First of all... hello everyone! this is my first post.

I need a program to do the following thing:

I have thousands of pictures, some of them have 4:3 aspect ratio, others have 3:2 aspect ratio, and a few of them non standar aspect ratios.

I need all of them to be the same aspect ratio (4:3), adding horizontal black bands if needed but never cropping the picture.

Can this be done? I can't find this option in the programs I use.

Thanks!


----------



## Chris Stegner (Jun 25, 2008)

I use Photoshop and I can create an "Action" to apply the same steps to multiple photos. If you don't have PS then maybe a friend would let you use their machine to do it. I use it all the time. You basically tell it to "Record" your steps, then you you direct it to a folder of images and it will do the same to all the images in the folder.


----------



## Nostromozar (Jun 26, 2008)

Thanks Chris, I use Photoshop CS3, but this is too complicated for an Action.

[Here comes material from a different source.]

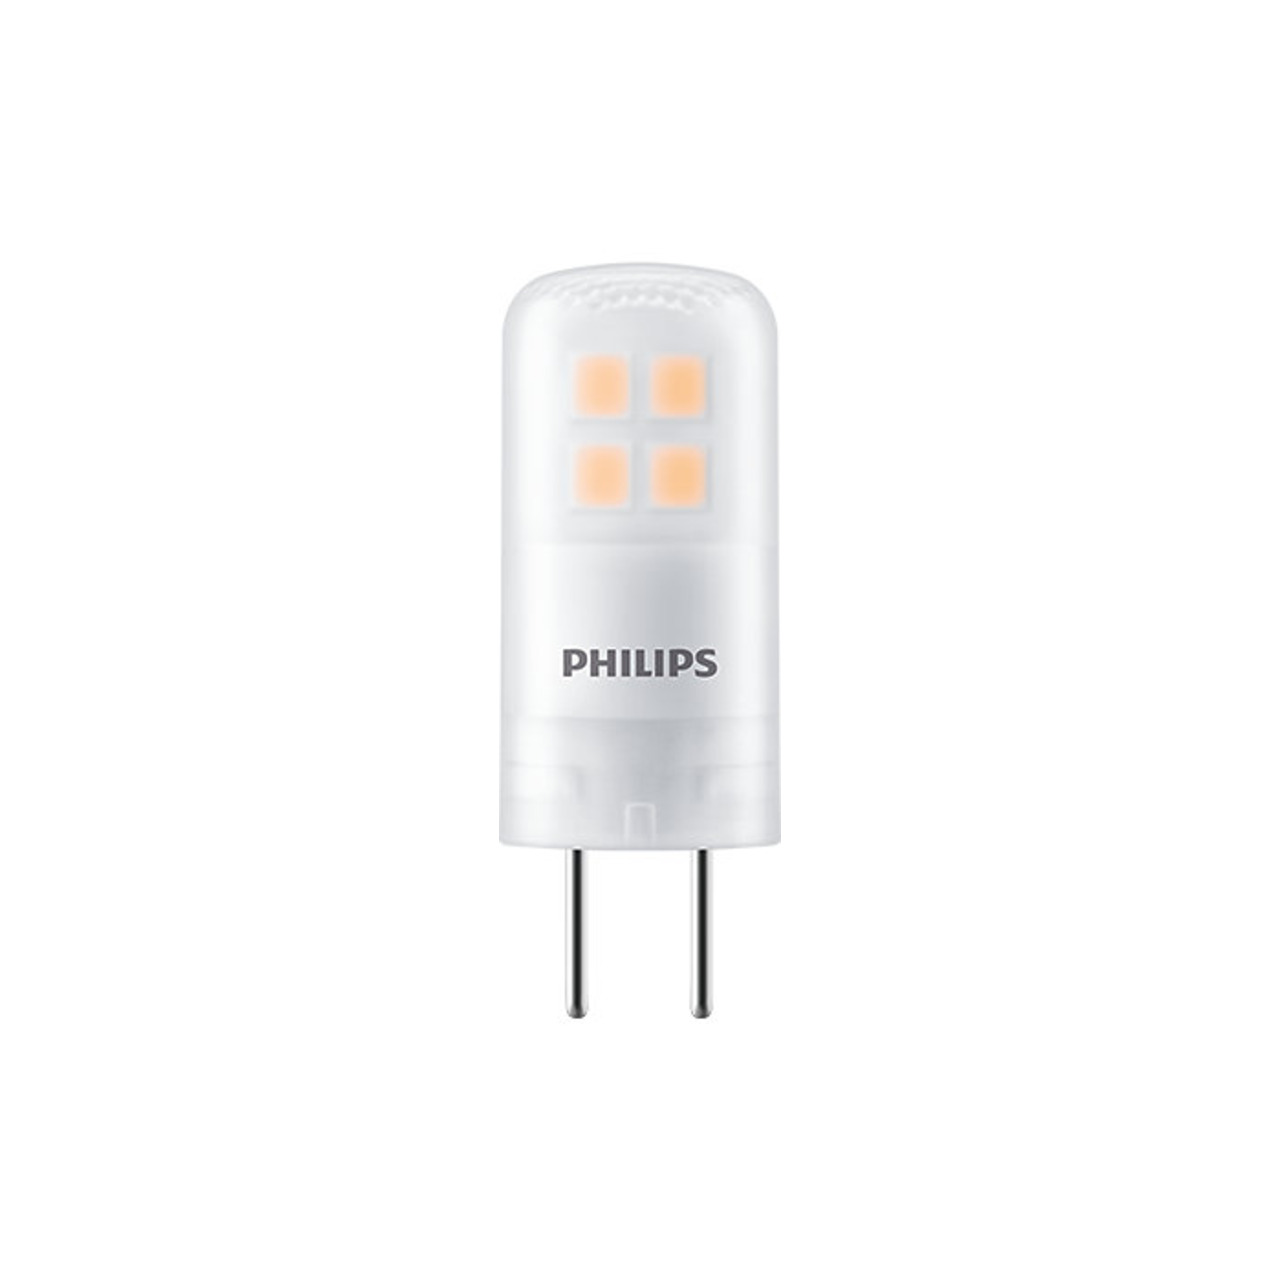 Philips 1-8-W-G4-LED-Lampe CorePro LEDcapsule- 205 lm- nicht dimmbar- warmweiss unter Beleuchtung

I finally managed to do it, but using Photoshop ExtendScript. 

I copy the script here to change to 4:3 in case somebody needs it, you only need to save it with jsx extension in a text file.

app.preferences.rulerUnits = Units.PIXELS
app.preferences.typeUnits = TypeUnits.PIXELS
app.backgroundColor.rgb.red=0;
app.backgroundColor.rgb.green=0;
app.backgroundColor.rgb.blue=0;


var miImagen = app.activeDocument
var x = miImagen.width
var y = miImagen.height
var ratio;
var xx = x;
var yy = y;

if (x>=y) {
            ratio=(x/y);
            if (ratio!=(4/3)) {
                    if (ratio>(4/3)) {
                            xx=x;
                            yy=(x*3/4);
                    } else {
                            yy=y;
                            xx=(y*4/3);
                    }
            }
} else {
            ratio=(y/x);
            if (ratio!=(4/3)) {
                    if (ratio>(4/3)) {
                        yy=y;
                        xx=(y*3/4);
                    } else {
                        xx=x;
                        yy=(x*4/3);
                    }
            }        
}

miImagen.resizeCanvas(xx,yy)


----------



## Garbz (Jun 26, 2008)

Nice work. Pity the forum ruins the formatting. Incidently I was going to go ahead and recommend GIMP not knowing you had photoshop since this is hardly the type of thing you would want to spend money for but decided against it when I realised you had to code action scripts in GIMP. I thought it would be too difficult :lol

Just goes to show you never know.


----------